If I abstract from the notation mistakes, I think you want an example to understand the difference between a classical cake-eating problem (your first equation) and a stopping-rule problem (probably your second equation).

Consider the following framework. Time is discrete. There is one good in the economy. We are interested in the problem of a consumer. At each period $t$, the consumer has access to a stock of good $x_t$. She faces a standard inter-temporal saving problem; she has to decide how much to consume, $c_t$, and how much to save for the next periods, $x_{t+1}$. The consumer enjoys a flow utility $u(c_t)$ and discounts future consumption with a factor $\beta$. To close the model, a saving technology must be defined. We can consider two different cases:

(i) There is an interest rate $r$. The consumer can freely withdraw any amount from the saving account. (ii) There is an interest rate $r$. The consumer, however, cannot withdraw a quantity of good without closing the saving account.

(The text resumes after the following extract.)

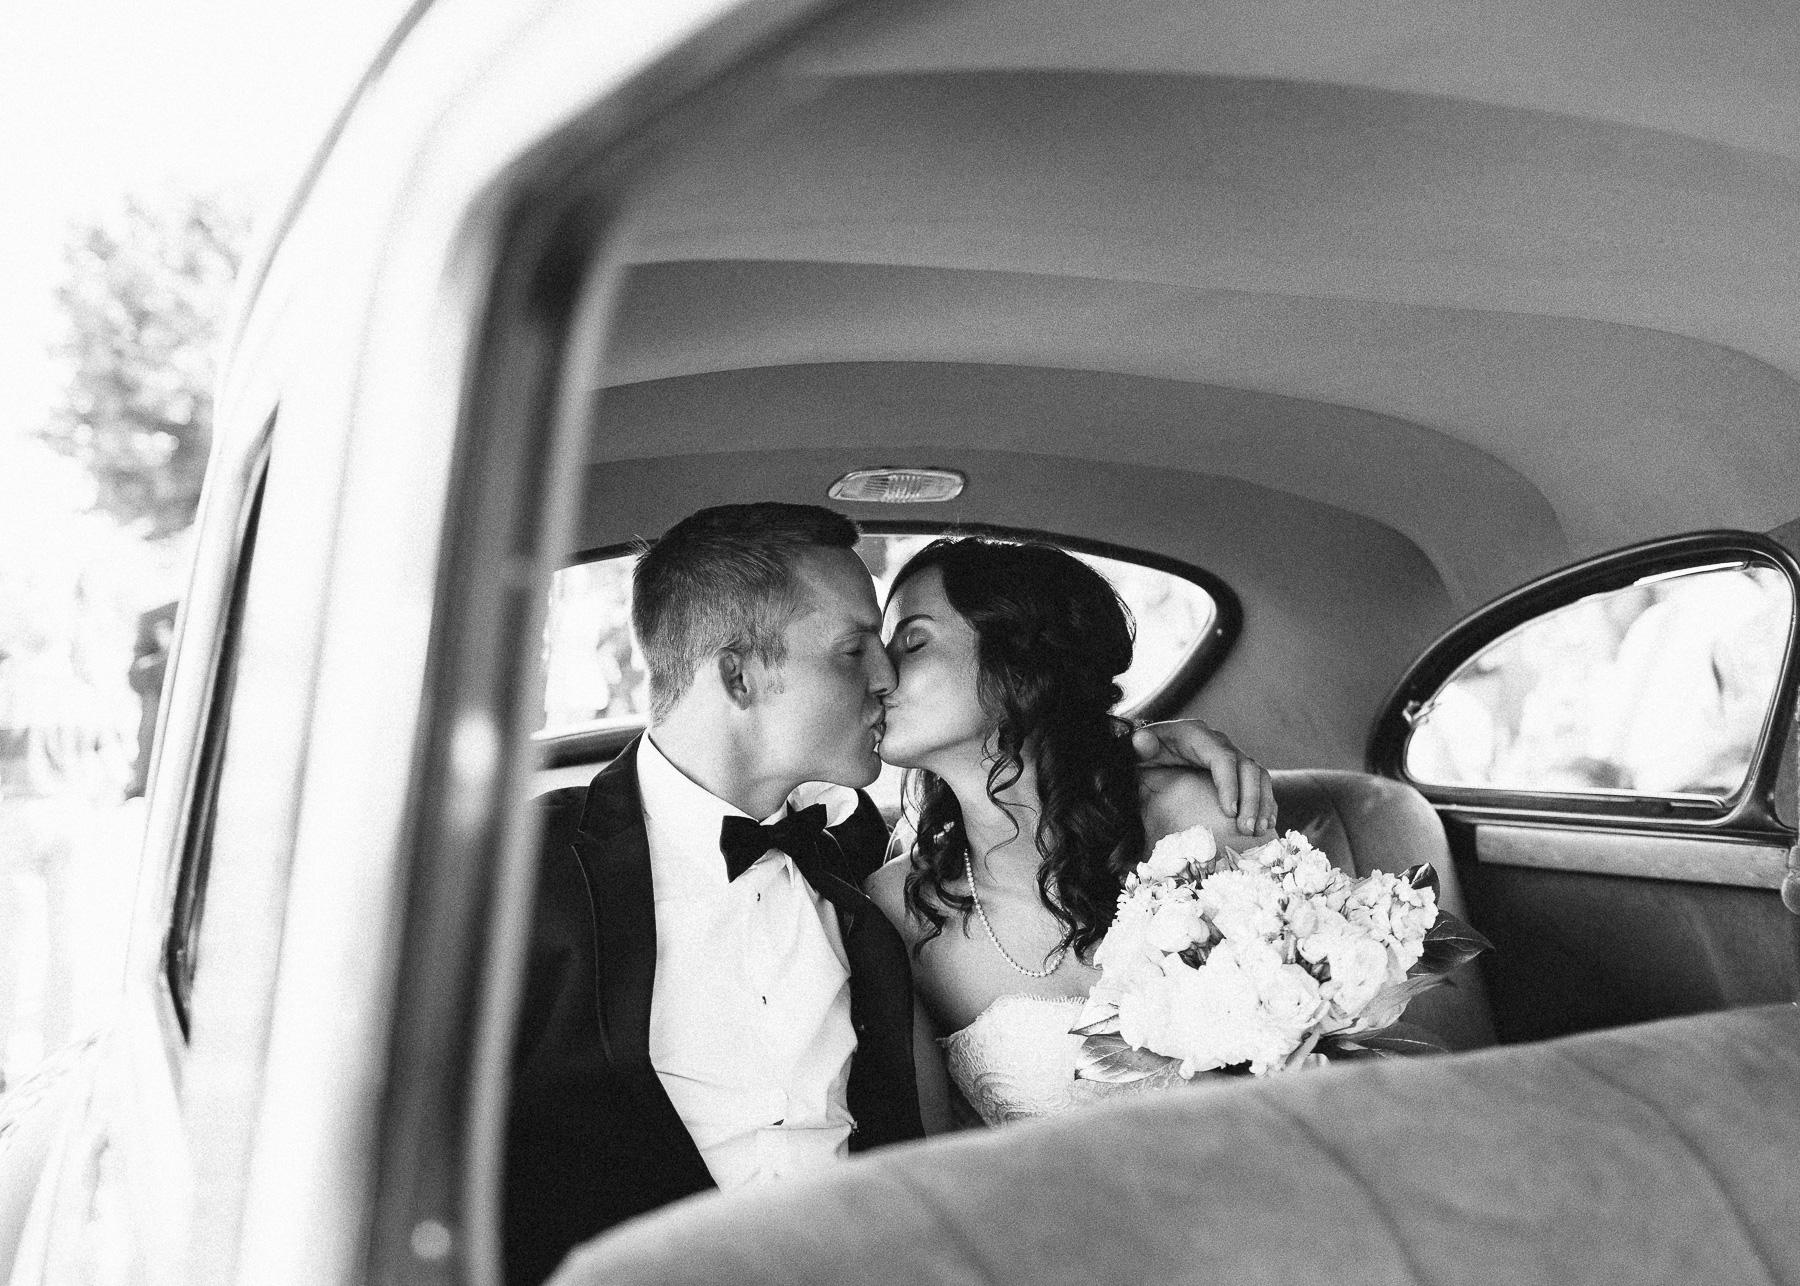 more kissing in car

Let's write the optimization problem in the two cases:

(i) $$V(x_t)=\underset{0\leq x_{t+1}\leq (1+r)x_t}{\max} \{u((1+r)x_t-x_{t+1})+\beta V(x_{t+1})\}$$

(ii) $$V(x_t)=\underset{x_{t+1}= (1+r)x_t \text{ or } 0}{\max} \{u((1+r)x_t-x_{t+1})+\beta V(x_{t+1})\}$$ Consumption $c_t$ is equal to $(1+r)x_t-x_{t+1}$. We can make an analogy with what you wrote. My $x_t$ and $x_{t+1}$ are your $x$ and $y$, and $F(x,y)=u((1+r)x-y)$. In the first case, the consumer has to choose the amount to save $x_{t+1}$ in the interval $(0,(1+r)x_t)$. In the second case, she can only choose whether to keep on saving, $x_{t+1}=(1+r)x_t$, or to close the account, $x_{t+1}=0$. By normalizing $u(0)=0$, the second case can write:

(ii) $$V(x_t)=\max \{u((1+r)x_t),\beta V((1+r)x_t)\}$$

In the first problem, the consumer eats a share of the cake (which is expanding at a rate $r$) and keeps the remaining for the next periods to maximize her inter-temporal utility. In the second problem, the consumer has to decide when to eat entirely the (growing) cake, which defines the stopping rule.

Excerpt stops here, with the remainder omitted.